» **EXERCISE DETAILS**:
With the images removed, transcribe the listing that follows exactly.

PROVIDED DATA below:

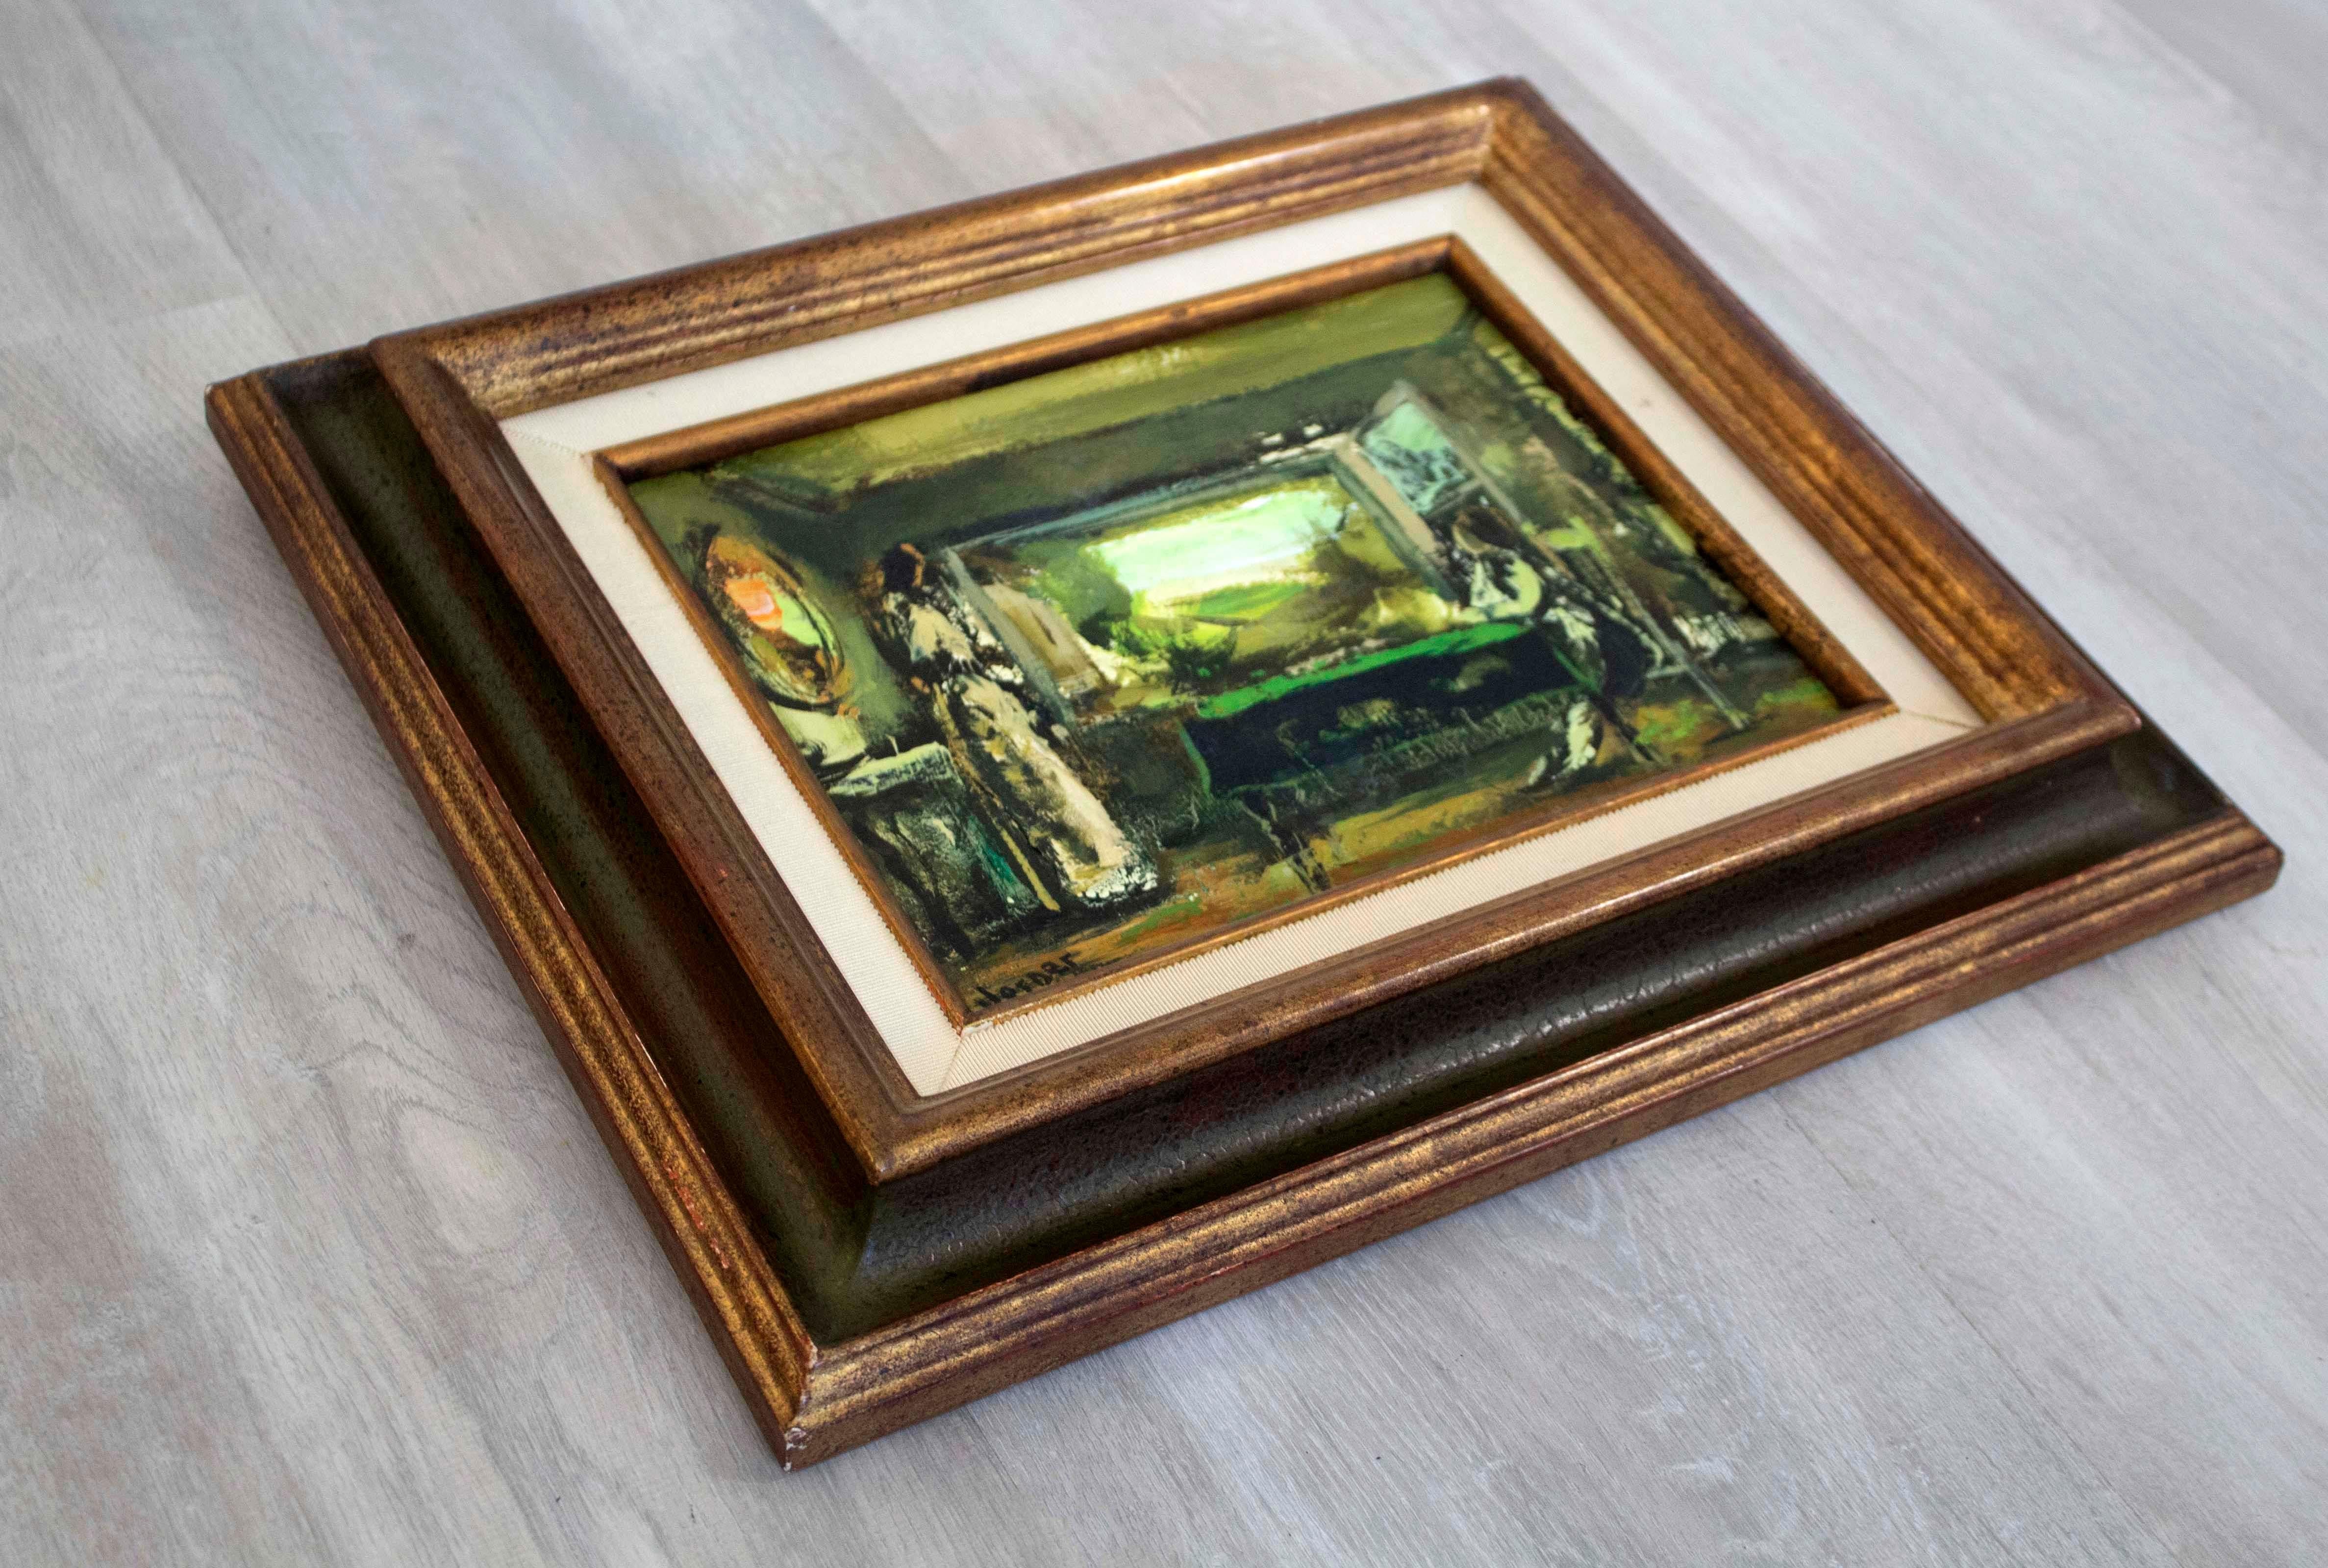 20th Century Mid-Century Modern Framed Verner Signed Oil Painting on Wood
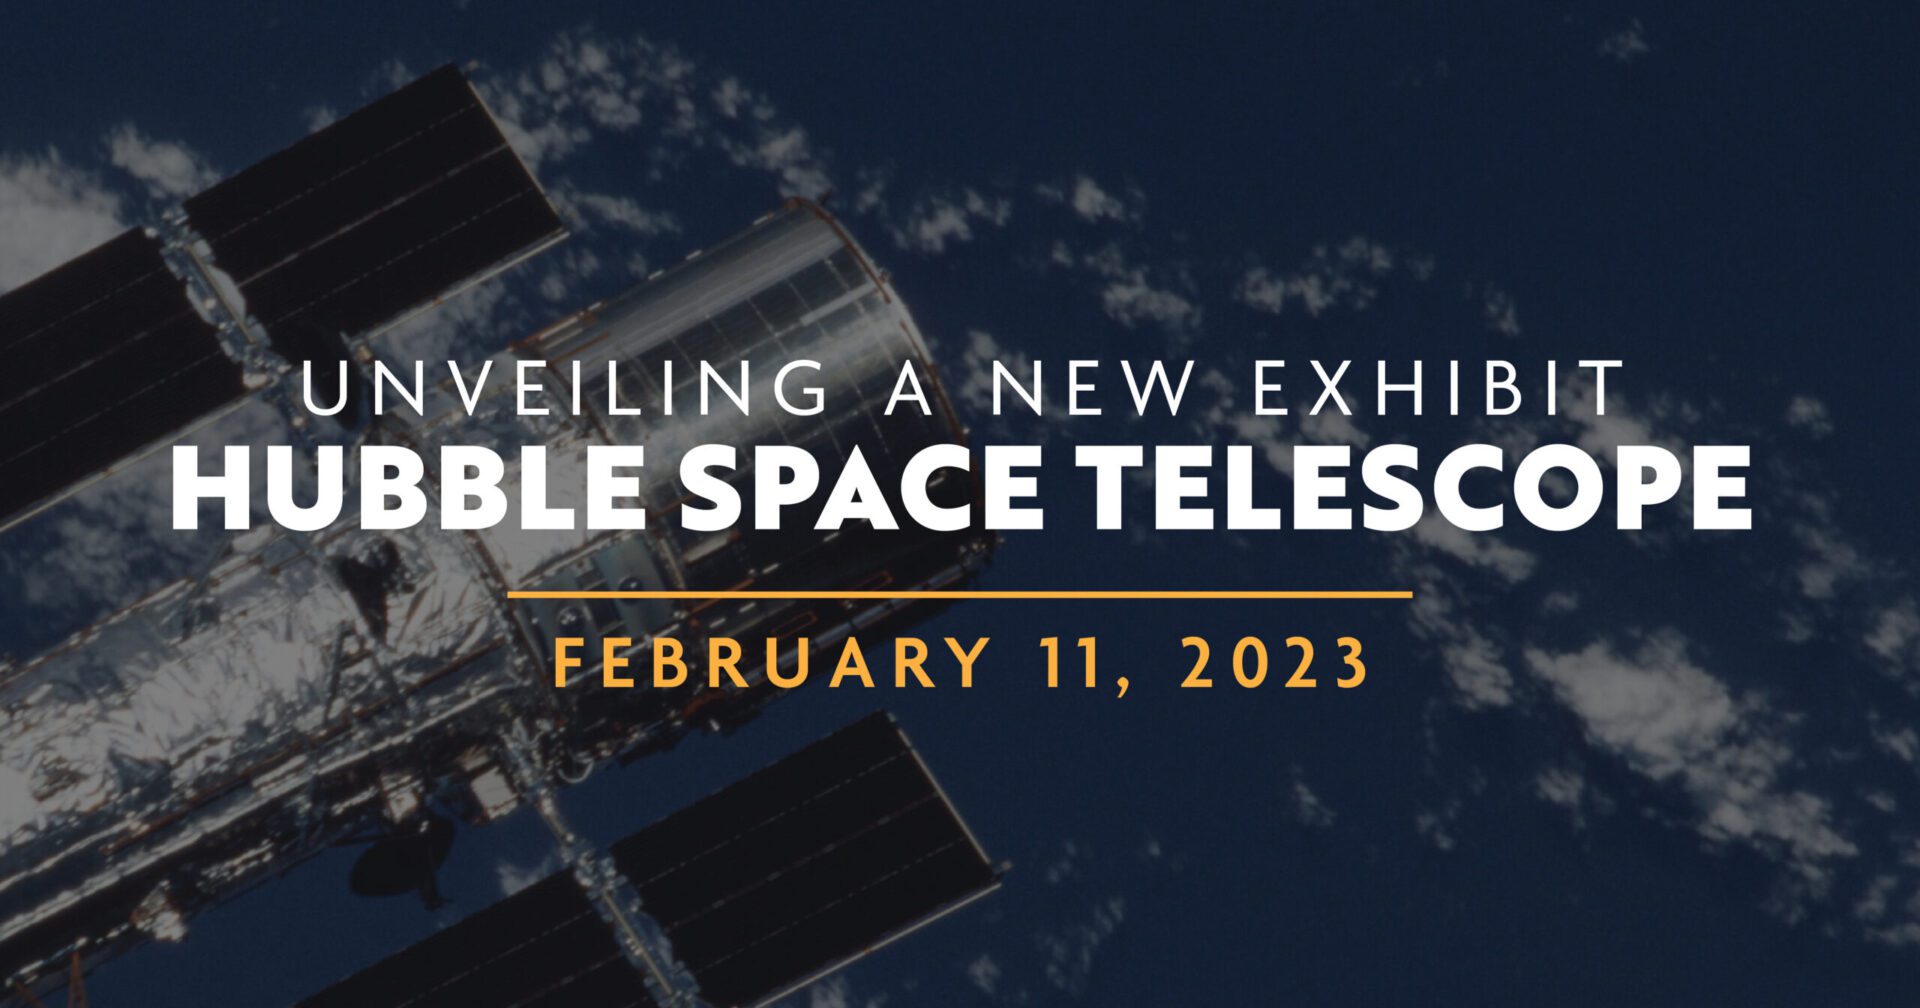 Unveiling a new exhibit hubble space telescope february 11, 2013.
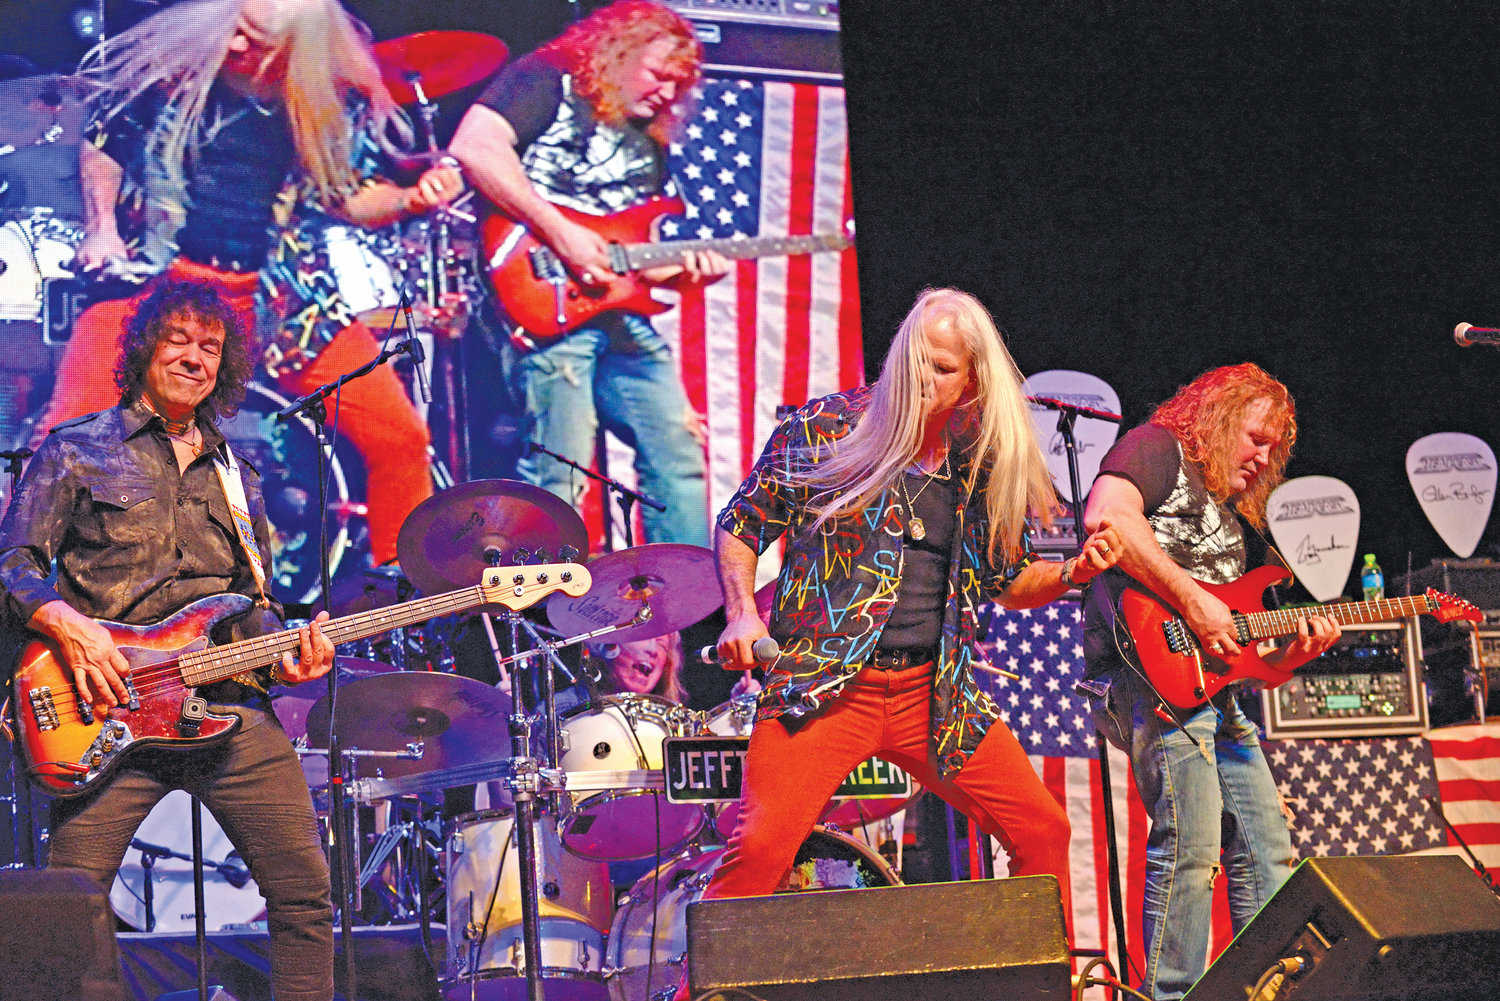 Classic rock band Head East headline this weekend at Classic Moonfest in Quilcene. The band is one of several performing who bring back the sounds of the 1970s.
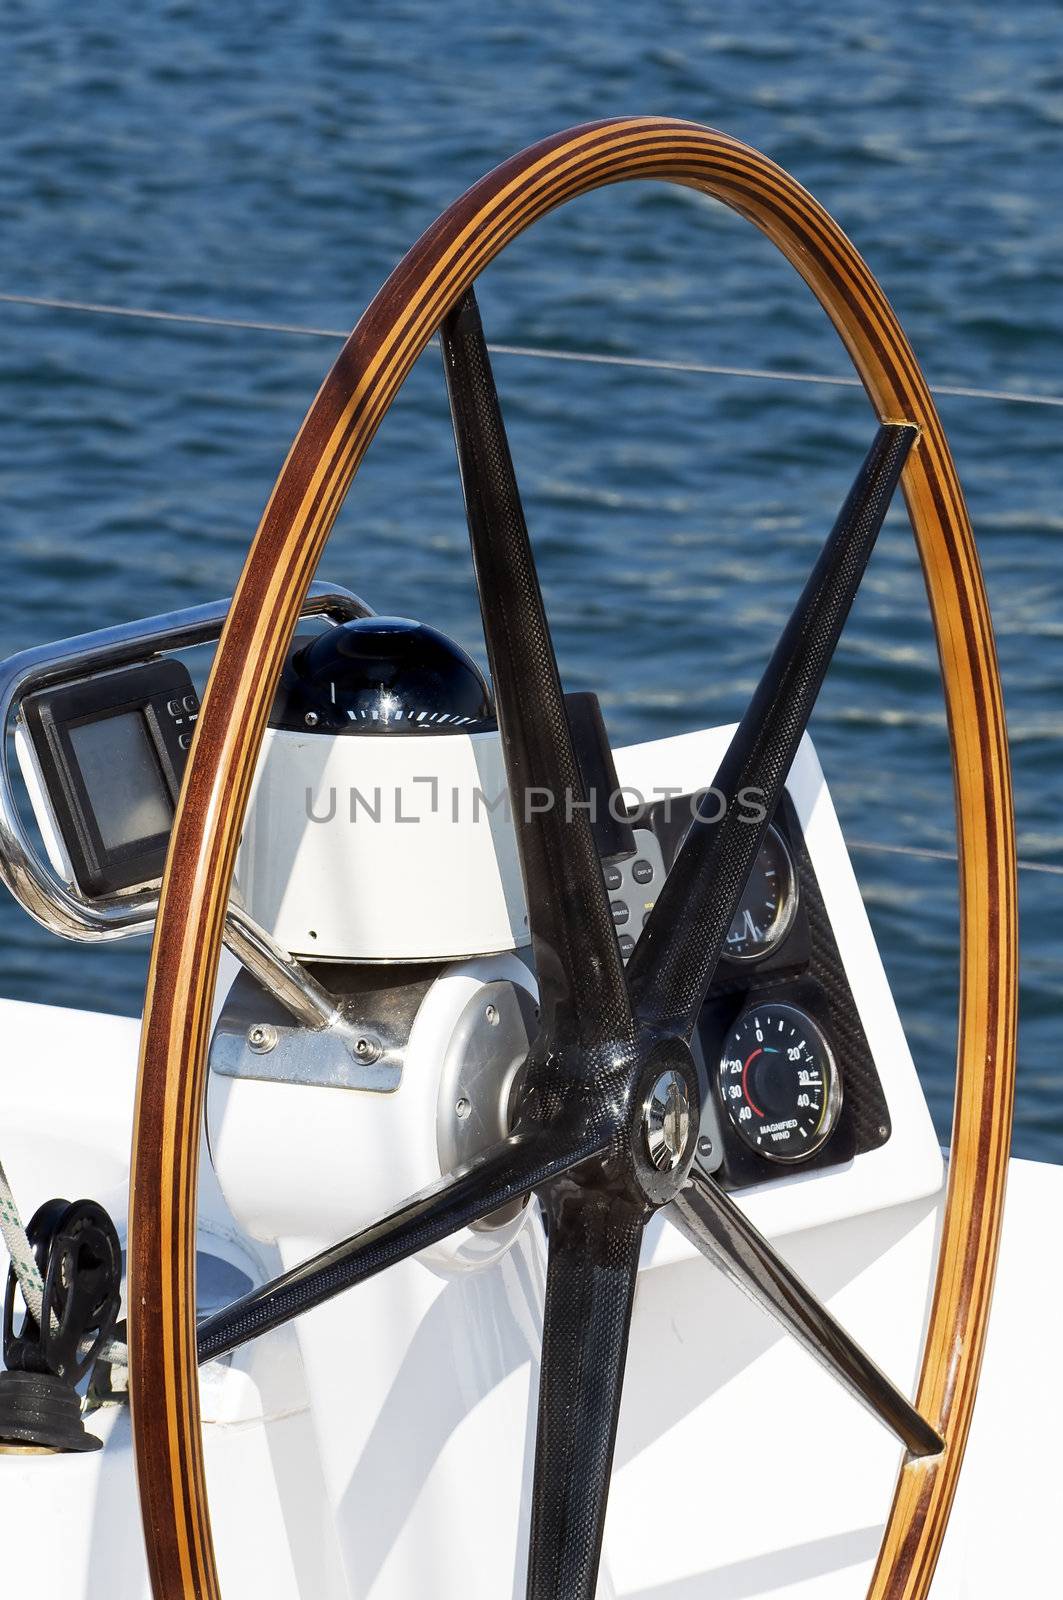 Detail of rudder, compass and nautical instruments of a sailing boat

End of PROVIDED DATA.

» **WORKED SOLUTION**:
 20th Century Mid-Century Modern Framed Verner Signed Oil Painting on Wood
 Unveiling a new exhibit hubble space telescope february 11, 2013.
 Classic rock band Head East headline this weekend at Classic Moonfest in Quilcene. The band is one of several performing who bring back the sounds of the 1970s.
 Detail of rudder, compass and nautical instruments of a sailing boat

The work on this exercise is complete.